Middle East

Islamic State 'used mustard gas' against peshmerga

A U.N. chemical weapons expert, wearing a gas mask, holds a plastic bag containing samples from one of the sites of an alleged chemical weapons attack in the Ain Tarma neighbourhood of Damascus in this August 29, 2013 Image copyright Reuters
Image caption Mustard gas can burn skin and cause severe respiratory problems

Islamic State (IS) militants fired mortar rounds containing mustard agent at Kurdish peshmerga fighters in northern Iraq, Kurdish officials say.

The Ministry of Peshmerga Affairs said blood samples from about 35 fighters revealed traces of sulphur mustard.

It did not say if any of the peshmerga had died as a result of the attack, or how severely they had been wounded.

Mustard gas can burn skin and cause severe respiratory problems, and is banned under international law.

The exposure took place along the front lines near the northern Iraqi towns of Makhmour and Gwer, the ministry said in a statement.

Roughly 37 mortars were fired in the attack, the statement added, "releasing white smoke and a black liquid".

The ministry called on countries fighting IS to give peshmerga fighters equipment for protection against chemical attacks. Several countries including the United States are already giving military assistance to the Kurdish fighters.

Chlorine gas

This is not the first time IS has been accused of using chemical weapons. In March, Kurdish authorities in Iraq said they had evidence that IS had used chlorine gas.

That allegation, by the Kurdistan Region Security Council, followed similar claims that the group had used low-grade chemical weapons against Iraqi security forces.

The director of the Organisation for the Prohibition of Chemical Weapons expressed "serious concern" in August over the possibility IS was using prohibited chemical weapons.
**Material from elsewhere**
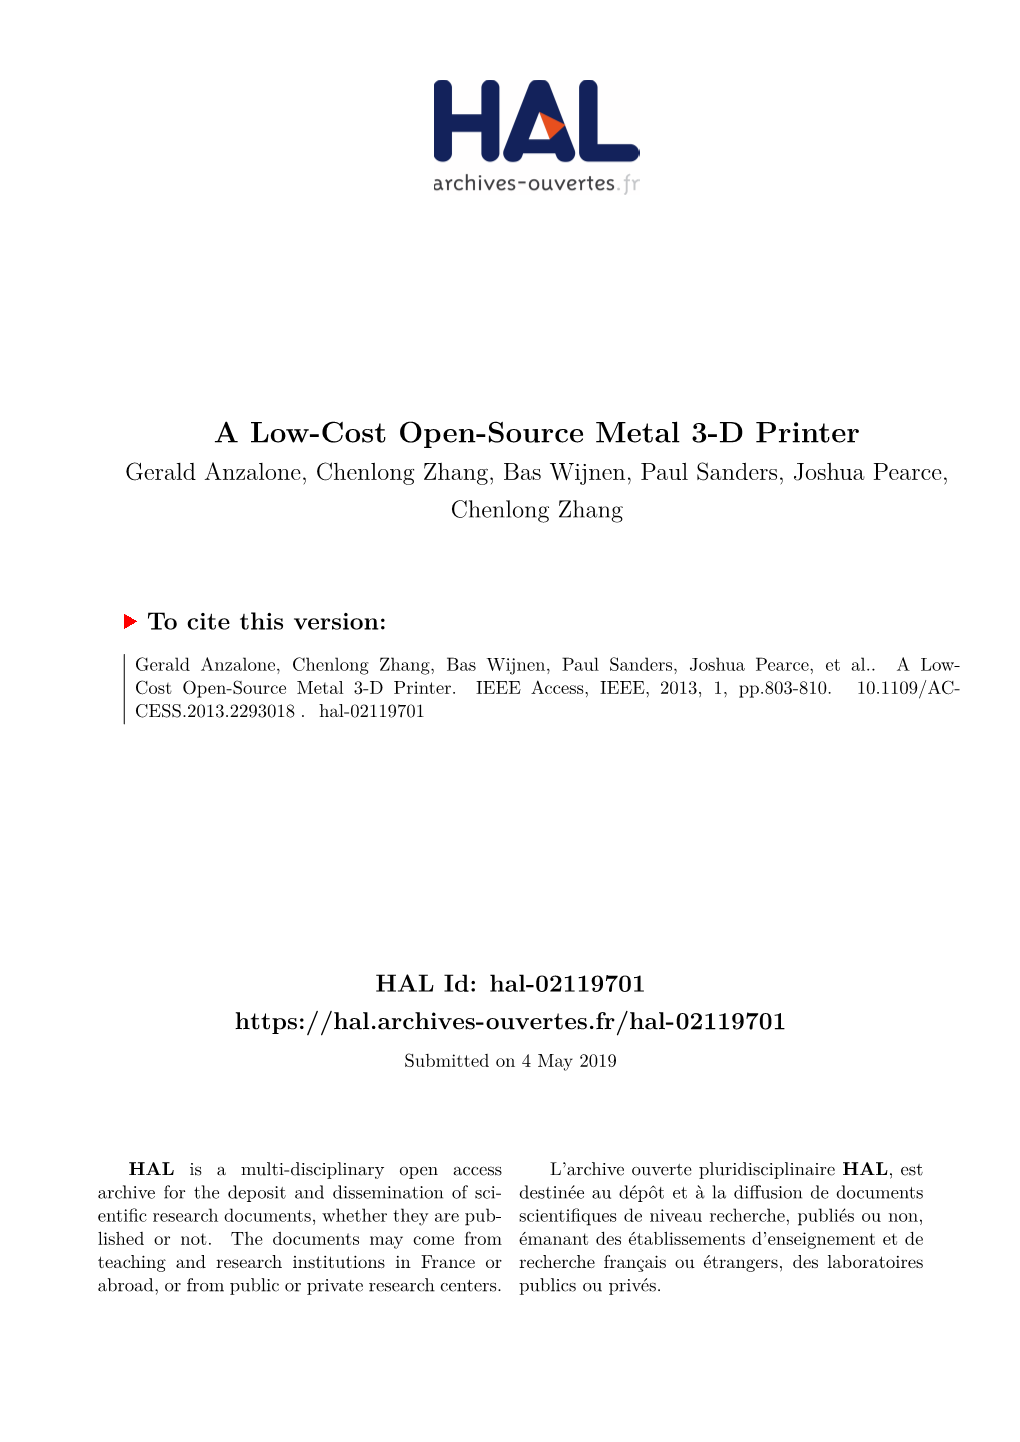 A Low-Cost Open-Source Metal 3-D Printer Gerald Anzalone, Chenlong Zhang, Bas Wijnen, Paul Sanders, Joshua Pearce, Chenlong Zhang

The UN recently adopted a resolution aimed at identifying those behind chemical weapons attacks in Syria.

IS already has a large arsenal of conventional weapons and military vehicles seized from the Iraqi army, much of it produced by the United States.

Iraq Kurds were the victim of a major chemical weapons attack by the Iraqi military under Saddam Hussein in 1988, which left thousands dead in the city of Halabja.